Pues claro, ella había sido una de las primeras exploradoras de la cuenca de Hellas, en los primeros años de la Colina Subterránea; lo había olvidado. Había intervenido en la localización de Punto Bajo y luego había recorrido toda la cuenca en coche, explorándola antes que nadie, antes que Ann incluso. Por eso después, trabajando para Aguas Profundas, al ver los nuevos asentamientos se había sentido ajena a la escena contemporánea.

—¡Dios mío! —exclamó, aterrada. Estrato sobre estrato, una vida tras otra... ¡habían vivido tanto! En cierto modo era como la reencarnación o el eterno retorno.

Quedaba un pequeño grano de esperanza. Al experimentar aquella primera dislocación, había iniciado una nueva vida. Sí, se mudó a Odessa y se distinguió en la revolución, contribuyó a su éxito trabajando duro y meditando sobre lo que impulsaba a la gente a apoyar el cambio, cómo cambiar sin provocar un amargo retroceso, que siempre parecía aplastar cualquier éxito revolucionario. Y al parecer habían conseguido evitar esa amargura.

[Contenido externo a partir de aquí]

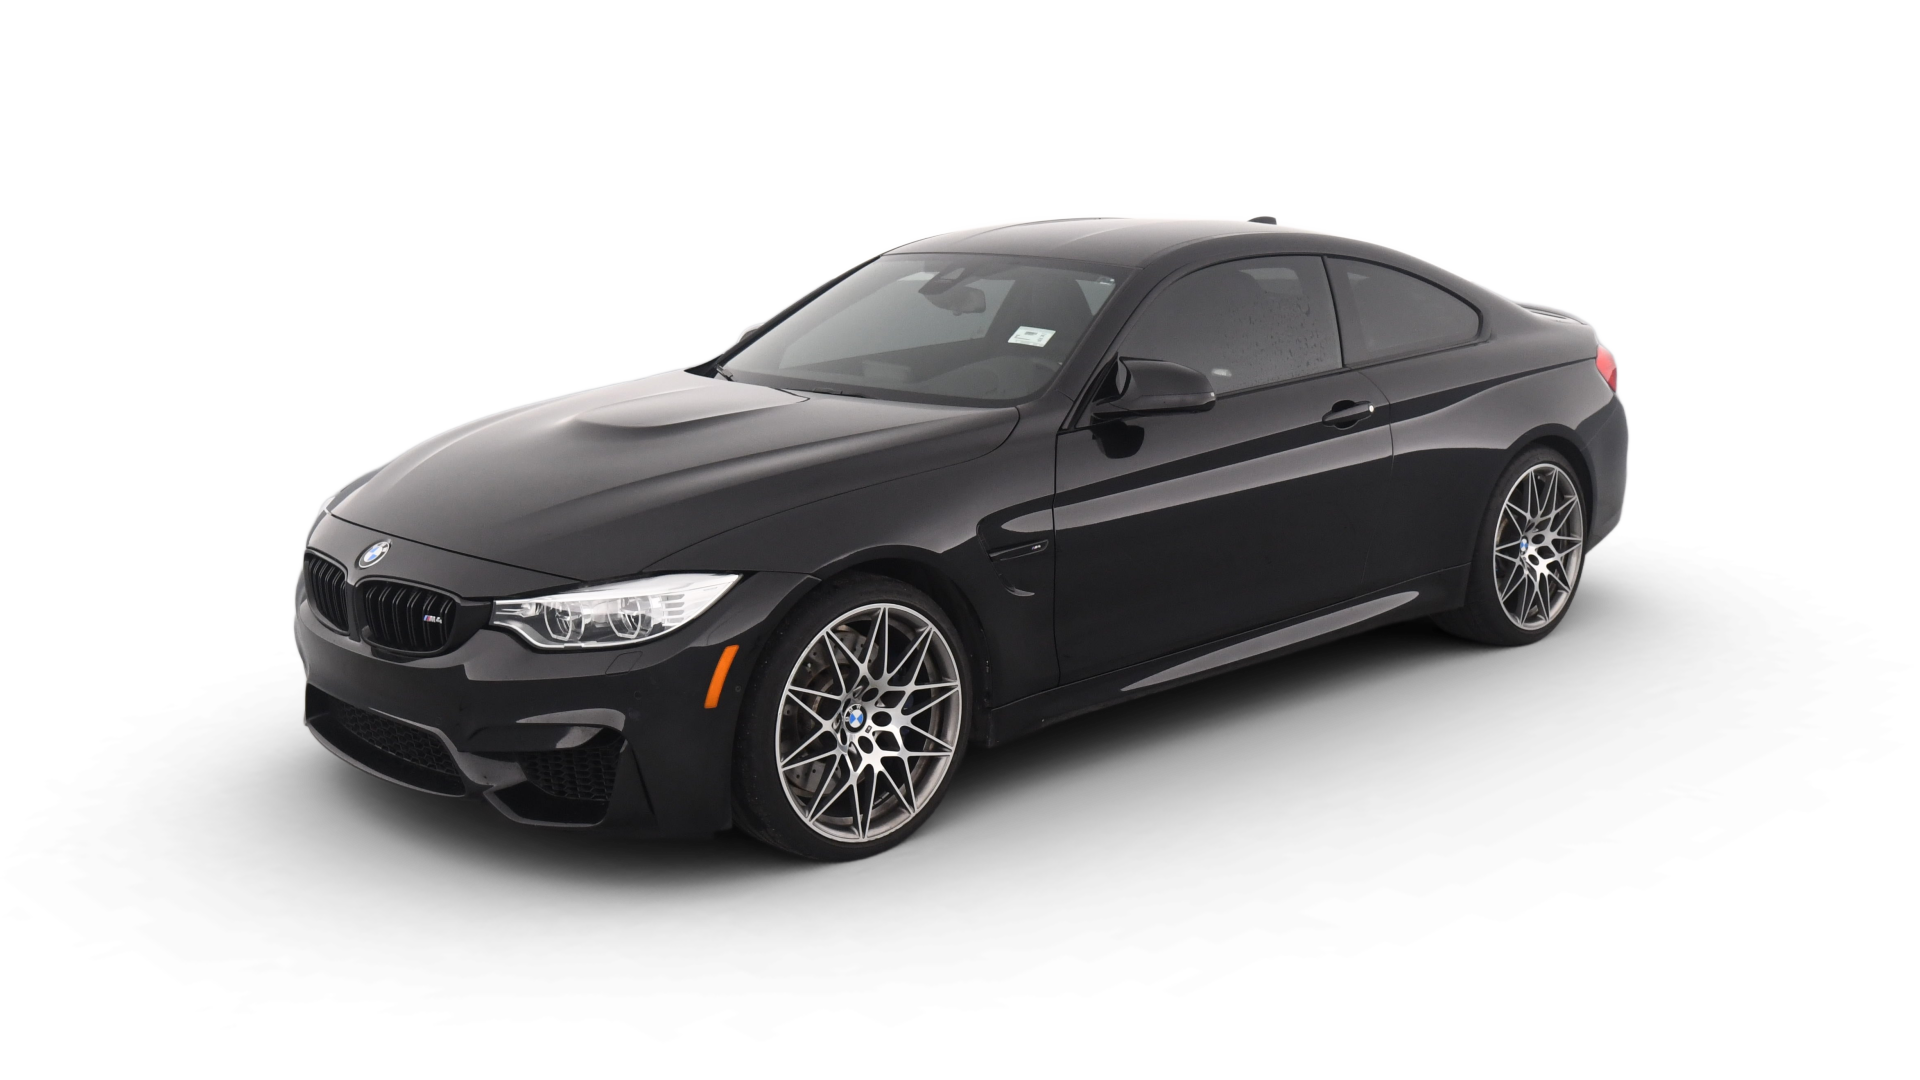 BMW M4 model image.

Hasta el momento al menos. Tal vez lo que estaba sucediendo en aquellas elecciones era un inevitable retroceso. Quizá no había tenido tanto éxito como pensaba, quizás había fracasado, menos dramáticamente que Arkadi, John o Frank; pero era tan difícil saber qué estaba sucediendo realmente en la historia, era demasiado vasta, demasiado rudimentaria. Ocurrían tantas cosas en todas partes que podía suceder cualquier cosa en cualquier lugar. Cooperativas, repúblicas, monarquías feudales... De manera que cualquier caracterización de la historia fuera parcialmente válida. Lo que la ocupaba esos días, los nuevos asentamientos de jóvenes nativos que pedían agua, que habían salido de la red y escapaban al control de la UNTA... Pero no era eso...

De pie delante de la puerta del piso de Praxis fue incapaz de recordar de qué se trataba. Diana y ella tomarían un tren hacia el sur al día siguiente, seguirían la curva sudeste de Hellas para ver la Zea Dorsa y el túnel de lava que habían transformado en acueducto. No, estaba allí para...

No podía recordarlo. Lo tenía en la punta de la lengua... Aguas Profundas, Diana... acababan de recorrer el fondo de Dao Vallis, donde nativos e inmigrantes estaban creando una compleja biosfera bajo su enorme tienda. Algunos hablaban ruso, ¡se le habían llenado los ojos de lágrimas al oírlos! Sí, la voz de su madre, áspera y sarcástica mientras planchaba en la pequeña cocina del apartamento... el olor acre de la col.

No era eso. Volvió la vista al oeste, hacia el mar que resplandecía en la oscuridad. El agua había inundado las dunas de arena de Hellas Este. Al menos había pasado un siglo desde eso. Estaba allí por otra razón... docenas de barcos, pequeños puntos en un puerto de postal, detrás de un rompeolas. No podía recordarlo, no podía. La horrible sensación le dio vértigo, y luego náuseas, como si vomitando pudiera descubrirlo. Se sentó en el escalón. ¡Su vida entera en la punta de la lengua! ¡Su vida entera! Lanzó un sonoro gemido y unos niños que arrojaban piedras a las gaviotas la miraron. Diana. Había encontrado a Nirgal por casualidad, habían cenado... Pero Nirgal había enfermado, ¡había enfermado en la Tierra!

Y todo le vino a la memoria como un puñetazo, una ola que la derribaba. El viaje por el canal, claro, la inmersión en Burroughs, Jackie, la pobre Zo, insensata... Claro, claro. En realidad no lo había olvidado, era tan obvio ahora que lo recordaba. No lo había olvidado, había sido un lapsus momentáneo mientras su atención vagaba por otros lugares, por otra vida. Un recuerdo vivido tiene su propia integridad, sus peligros, igual que un recuerdo borroso. Era la consecuencia de pensar que el pasado era más interesante que el presente, lo cual en muchos aspectos era cierto.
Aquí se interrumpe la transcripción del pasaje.